И тут она заплакала, схватив скомканную бумажную салфетку, она стала поочередно прижимать ее то к одному глазу, то к другому и, положив голову на руки с острыми локтями, она продолжала всхлипывать и содрогаться.

Либерман поставил свой чай и беспомощно склонился к ней.

Она извинилась за свои слезы.

- Все в порядке, - сказал он, - все хорошо.

Ничего себе.

Он отмахал семь миль через снег, только чтобы вызвать слезы у этой женщины. Неужели ему недостаточно тринадцати из семнадцати?

Вздохнув, он откинулся на спинку стула, обводя взглядом маленькую кухоньку с облупившейся желтой краской по стенам, с грудами грязной посуды и стареньким холодильником, с картонным ящиком пустых бутылок у задней двери. Четырнадцатый номер - тоже впустую.

- Прошу прощения, - сказала миссис Карри, вытирая нос салфеткой. Ее влажные газельи глаза покорно смотрели на Либермана.

- У меня всего лишь несколько вопросов, миссис Карри, - сказал он. - Принадлежал ли ваш муж к какой-нибудь международной организации или группе, в которую входили бы люди его возраста?

Положив салфетку на стол, она покачала головой.

- Разве что к каким-то американским группам, - сказала она. - Легион, Ветераны Америки, Ротари - да, вот это международная. Ротари-Клуб. Это единственная.

- Он был ветераном второй мировой войны?

Она кивнула.

- Служил в авиации. Получил английский крест «За летные боевые заслуги».

- В Европе?

- На Дальнем Востоке.

- Следующий вопрос носит очень личный характер, но я надеюсь, что вы не будете возражать... Он оставил вам свои деньги?

Она еле заметно кивнула.

- Их было так немного...

- Откуда он родом?

- Из Береи, в Огайо, - она посмотрела куда-то мимо него и с усилием улыбнулась. - Почему ты вылез из постели?

Он обернулся. В дверях стоял сын Дюрнинга Эмиль, нет, Эрик Дюрнинг, угловатый и остроносый, с растрепанными темными волосами; он был в пижаме в бело-синюю полоску и босиком. Он почесал грудь, с любопытством глядя на Либермана.

Либерман, полный удивления, поднялся и сказал «Гутен морген», поняв при этих словах - мальчик кивнул и вошел в комнату - что Эмиль Дюрнинг и Джек Карри знали друг друга. Они должны быть знакомы; как иначе мальчик мог приехать сюда в гости? С растущим удивлением он повернулся к миссис Карри и спросил:

- Каким образом этот мальчик очутился здесь?

- У него грипп, - сказала она. - И кроме того, из-за снегопада школа все равно не работает. Это Джек-младший. Нет, не подходи слишком близко, мой милый. Это мистер Либерман из Вены, что в Европе. Он известный человек. Ох, а где же твои шлепанцы, Джек? Что тебе надо?

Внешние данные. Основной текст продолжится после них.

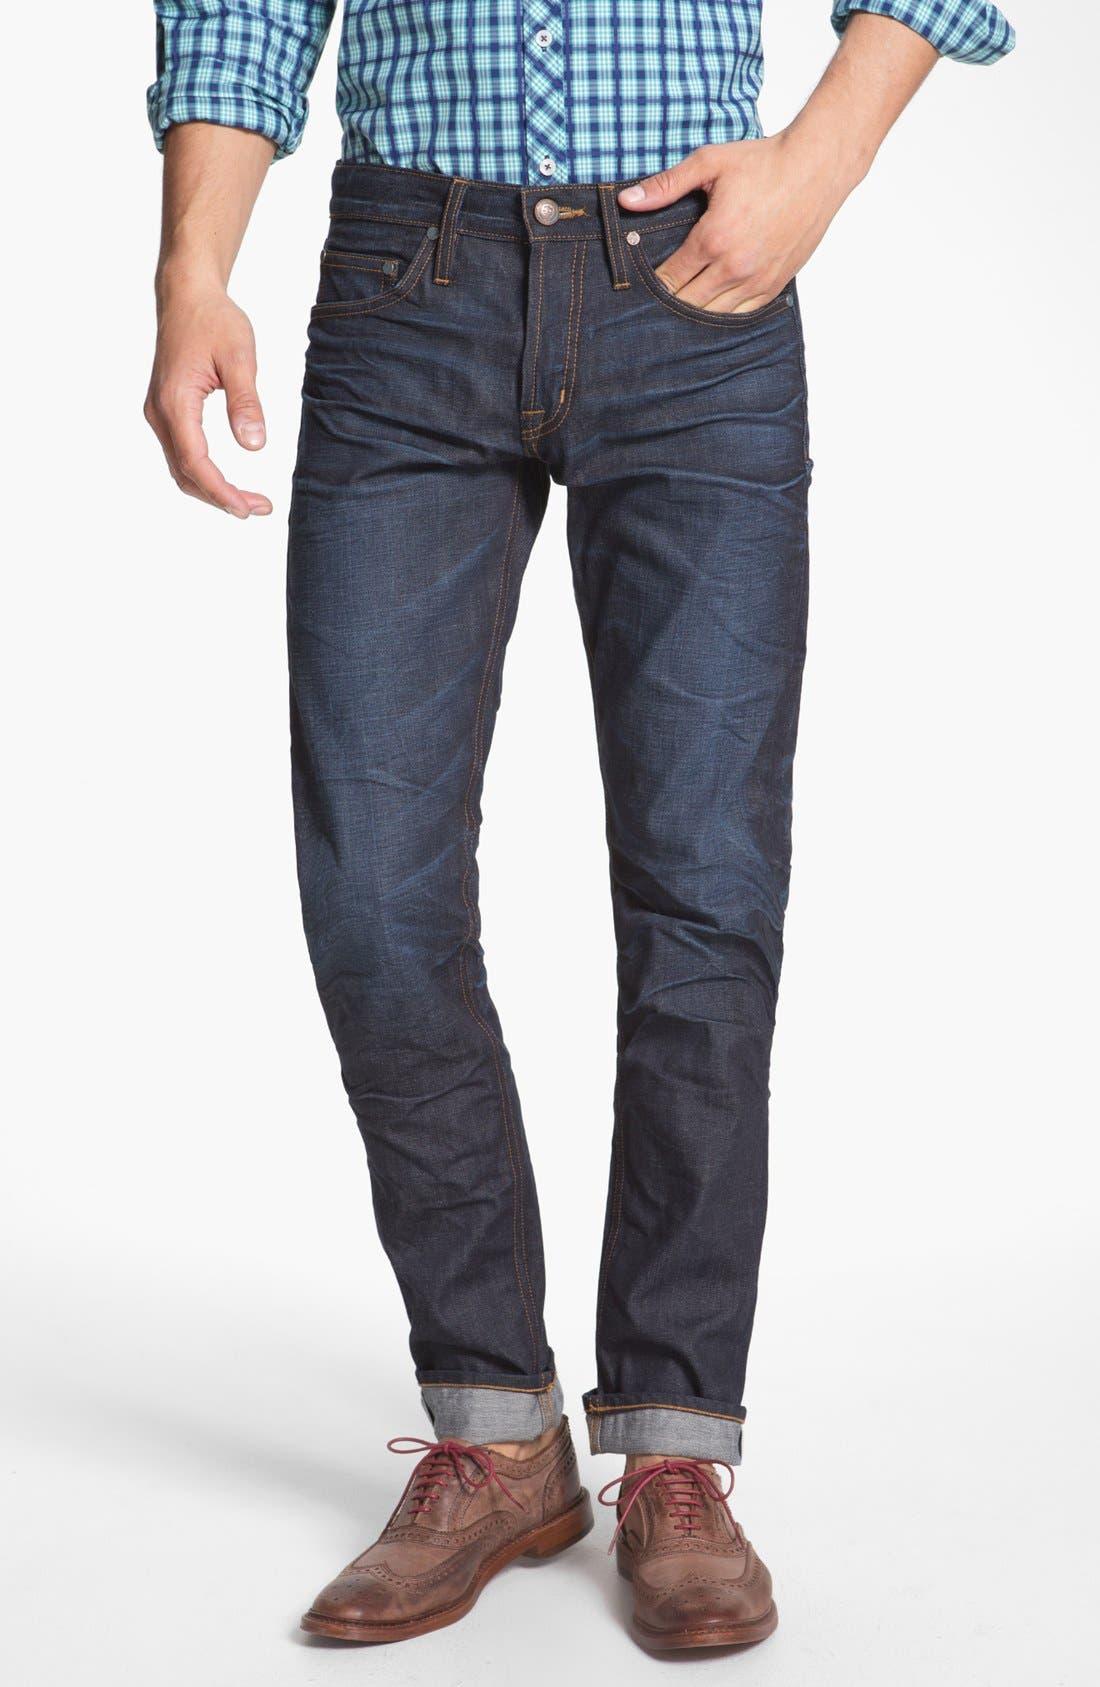 Alternate Image 1 Selected - Asbury Park '1888 Skinny Fit' Raw Selvedge Jeans

- Стакан грейпфрутового сока, - сказал мальчик. На отличном английском. Даже акцент у него был, как у Кеннеди.

Миссис Карри встала.

- Честно говоря, я не успеваю покупать тебе соки. И к тому же у тебя грипп! - она направилась к холодильнику.

Мальчик посмотрел на Либермана светло-голубыми глазами Эрика Дюрнинга.

- А в чем вы известны? - спросил он.

- Он охотится за нацистами. Как Майкл Дуглас, которого ты видел в кино на прошлой неделе.

- Es ist doch gar phantastish! - сказал Либерман. - Вы знаете, что у вас есть близнец? Мальчик, похожий на вас, как две капли воды. Он живет в Германии, в городке Гладбек.

- Точно, как я? - недоверчиво посмотрел на него мальчик.

- Точно! Я никогда не видел такое... такое сходство. Только однояйцевые близнецы могут так походить друг на друга!

- Джек, а теперь отправляйся в постель, - сказал миссис Карри, которая, улыбаясь, стояла около холодильника с картонным стаканчиком в руке. - Я принесу тебе сок.

- Минутку, - сказал мальчик.

- Немедленно, - резко бросила она. - Тебе станет еще хуже вместо того, чтобы выздоравливать, если ты будешь ходить таким образом, без халата, без тапочек. Отправляйся-ка! - Она снова улыбнулась. - попрощайся и иди.

- Иисусе Христос, - сказал мальчик. - По-ка!

Он удалился из комнаты.

- Следи за своим языком! - в спину ему нервно сказала миссис Карри, прикрывая дверь кухни. - Я бы хотела, чтобы он оплачивал счета от врача, - сказала она, - тогда бы он подумал, во что это обходится.

Она вынула из шкафа стакан.

- Потрясающе, - сказал Либерман. - Я было подумал, что вас навестил этот мальчик из Германии. Даже голос тот же самый, и выражение глаз, и движения...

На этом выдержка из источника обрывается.